В последний год в Школе музыки и искусств мы с Пией открыли доступ для других членов в наше враждебное меньшинство из двух и включили в него несколько новеньких, тоже рожденных для лучшей доли. Не сказать, чтобы толпа, но сколько-то нас все же набралось. В нашу группу входила пышногрудая девица по имени Нина Нонофф, чьи претензии на исключительность основывались на некрофилической страсти к призраку Дилана Томаса, предполагаемом знании китайских и японских ругательств и «контакте» с настоящим йельцем – посулы всем нам посещений бейсбольных матчей по уикэндам… но, к сожалению, ее «контакт» оказался приятелем приятеля знакомого ее брата. У матери Нины была громадная коллекция «сексуальных книг», к которым мы отнесли и «Взросление в Самоа» и «Секс и темперамент»; с нашей точки зрения, в эту категорию попадала любая книга, если в ней говорилось о половой зрелости. Ну и потом, у Нины отец – просто высший класс: в 1940-е годы он создал программу для радио под названием «Синяя оса». А вот Джил Сигель вошла в группу не столько за свой высокий класс, сколько из нашей благотворительности. Ей практически нечего было добавить к нашему совершенству, но она компенсировала это слепой преданностью нам и лестным подражанием нашим наиболее вульгарным глупостям. Непостоянным членом числилась Грей Баратто – она специализировалась на музыке, и ее интеллект мы не уважали, зато она рассказывала фантастические истории о своих сексуальных похождениях.
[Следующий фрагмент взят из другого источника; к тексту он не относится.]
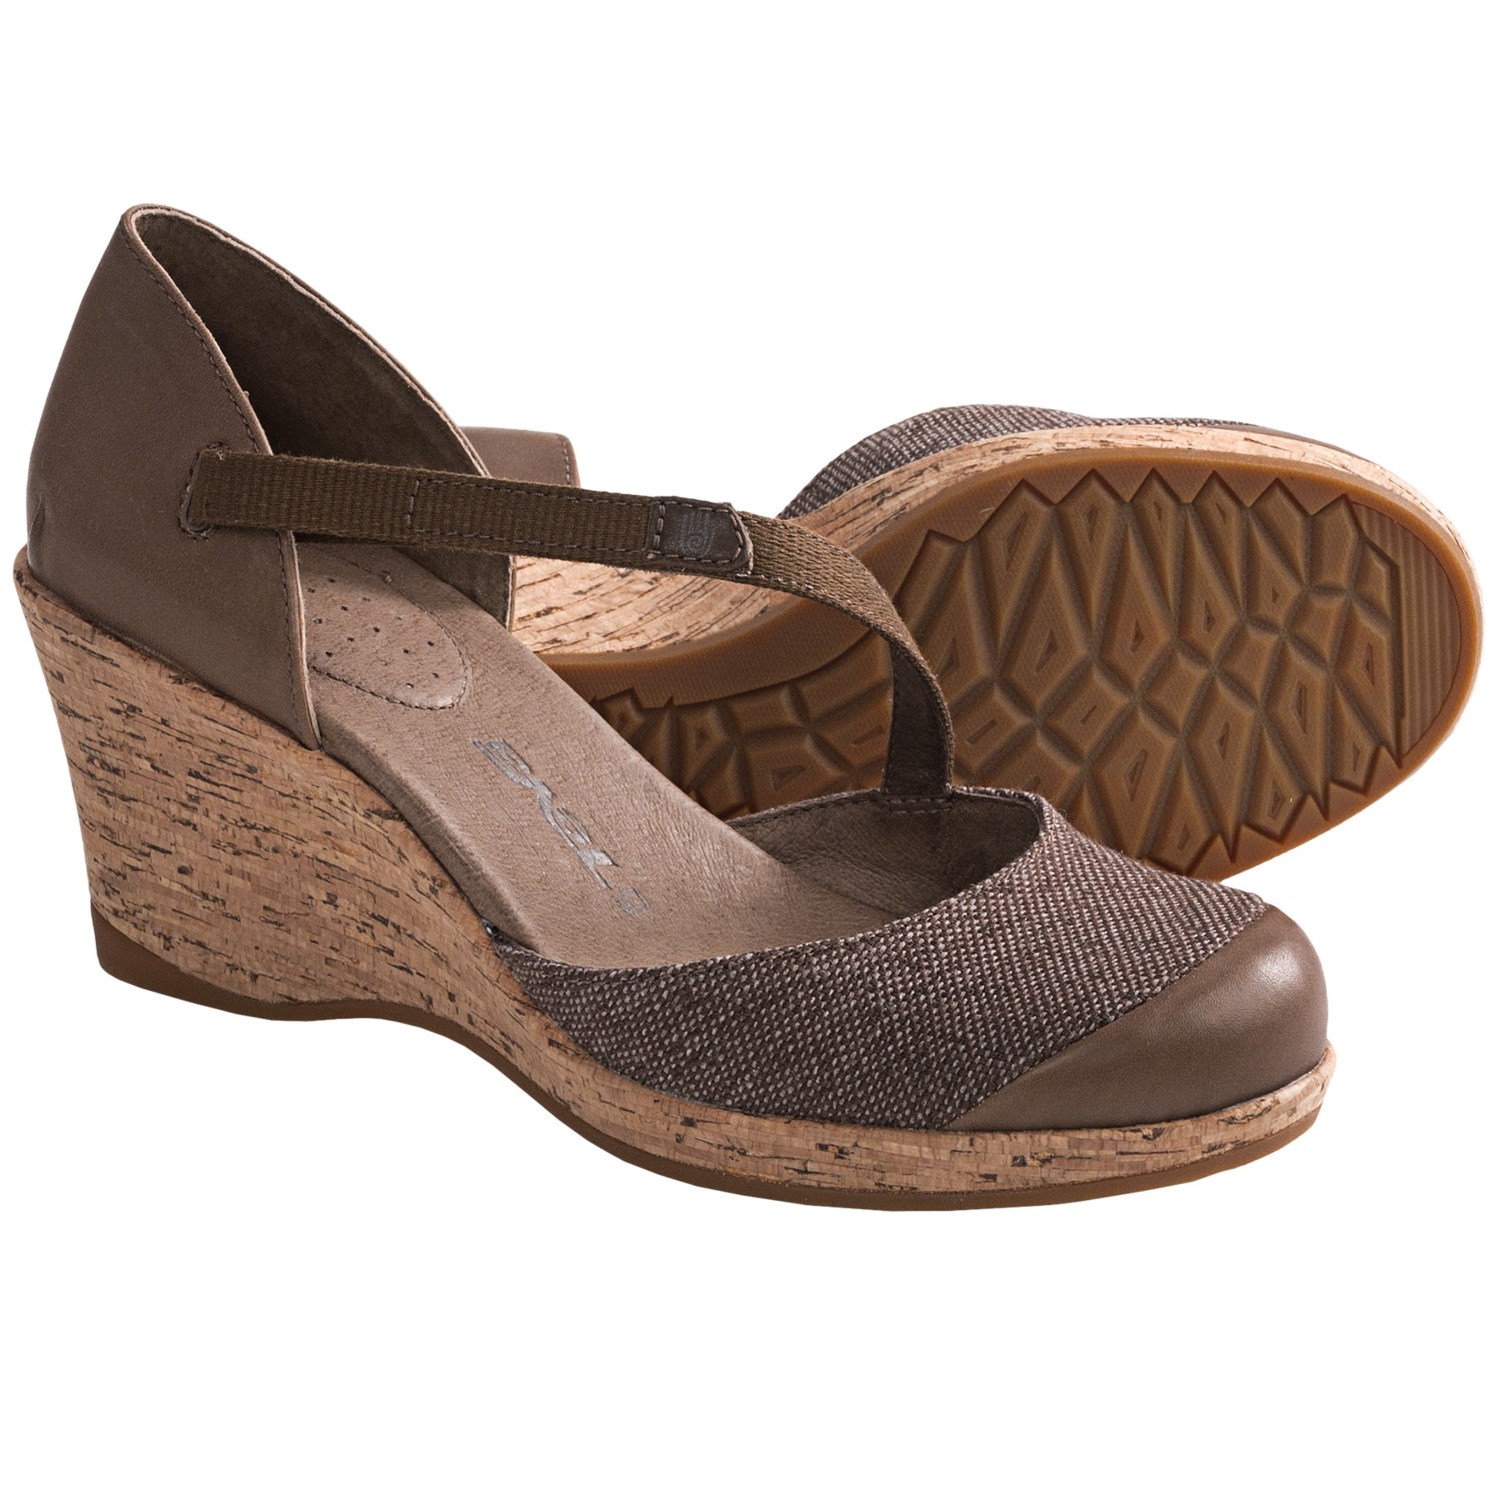 Teva Riviera Wedge MJ Shoes - Leather (For Women) in Brown

И хотя сама она это отрицала, но мы у нее за спиной говорили друг дружке, что «у нее уже все было». «Ну, по меньшей мере она demi-vierge», – сказала Пия. Я согласно кивнула, а потом полезла в словарь, чтобы выяснить, что это значит.

В группу были допущены всего два парня, и мы относились к ним с максимальным презрением, давая им понять, что их терпят только из чувства сострадания. Поскольку они были наши одноклассники, а не «студенты», мы без обиняков дали им понять, что можем считать их только «платоническими» друзьями. Джон Сток – сын старых друзей моих родителей. Этот пухлощекий блондин писал рассказы. Любимая его фраза гласила – «в пароксизме страсти». И появлялась по меньшей мере раз в каждом из его опусов.

В меня влюбился Рон Перкофф, которого мы, конечно, называли Джеркофф. Высокий, худой, с огромным крючковатым носом и совершенно невероятным набором угрей и прыщей, их жутко хотелось выдавить. Он был англофилом и выписывал «Панч», а также доставляемое авиапочтой издание «Манчестер гардиан», в любую погоду носил с собой плотно скрученный зонтик, слово «банальный» (одно из его любимых) произносил в нос и оживлял речь выражениями вроде «гнусный пройдоха» или «шалопайничать».

Когда наша агония закончилась – приемная комиссия колледжа отзаседала и пришли извещения о приеме, мы вшестером принялись шалопайничать, главным образом в квартире моих родителей, где мы убивали время долгого весеннего семестра, с нетерпением ожидая окончания школы. Сидя на полу в гостиной, поглощали тонны фруктов, сыра, сэндвичей с арахисовым маслом и печенья, слушали альбомы Фрэнка Синатры и совместно писали опусы с продолжением, пытаясь сделать их максимально порнографическими – насколько позволяло наше воображение. Сочиняли мы на моей портативной «Оливетти», которую передавали с колен на колени. Если на этих сборищах присутствовал Джон, то в повестке дня неизменно мелькали пароксизмы страсти.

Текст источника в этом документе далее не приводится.